# fnder

Differentiate function

## Syntax

```fprime = fnder(f,dorder) fnder(f) ```

## Description

`fprime = fnder(f,dorder) ` is the description of the `dorder`th derivative of the function whose description is contained in `f`. The default value of `dorder` is 1. For negative `dorder`, the particular |`dorder`|th indefinite integral is returned that vanishes |`dorder`|-fold at the left endpoint of the basic interval.

The output is of the same form as the input, i.e., they are both ppforms or both B-forms or both stforms. `fnder` does not work for rational splines; for them, use `fntlr` instead. `fnder` works for stforms only in a limited way: if the type is `tp00`, then `dorder` can be `[1,0]` or `[0,1]`.

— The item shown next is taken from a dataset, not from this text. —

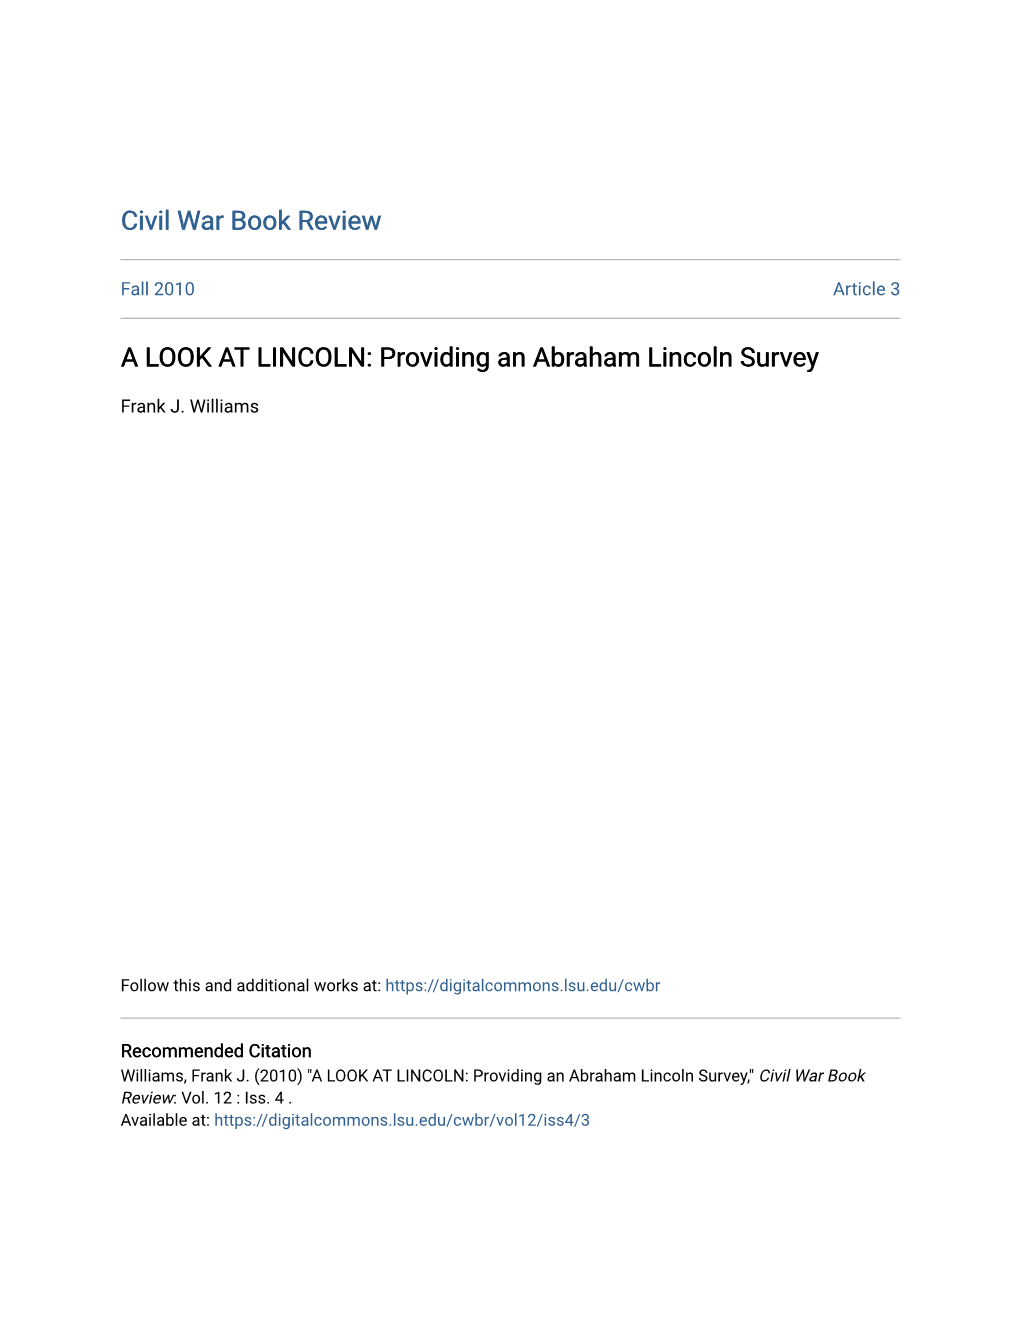 Providing an Abraham Lincoln Survey

`fnder(f) ` is the same as `fnder(f,1)`.

If the function in `f` is multivariate, say m-variate, then `dorder` must be given, and must be of length m.

## Examples

If `f` is in ppform, or in B-form with its last knot of sufficiently high multiplicity, then, up to rounding errors, `f` and `fnder(fnint(f))` are the same.

If `f` is in ppform and `fa` is the value of the function in `f` at the left end of its basic interval, then, up to rounding errors, `f` and `fnint(fnder(f),fa)` are the same, unless the function described by `f` has jump discontinuities.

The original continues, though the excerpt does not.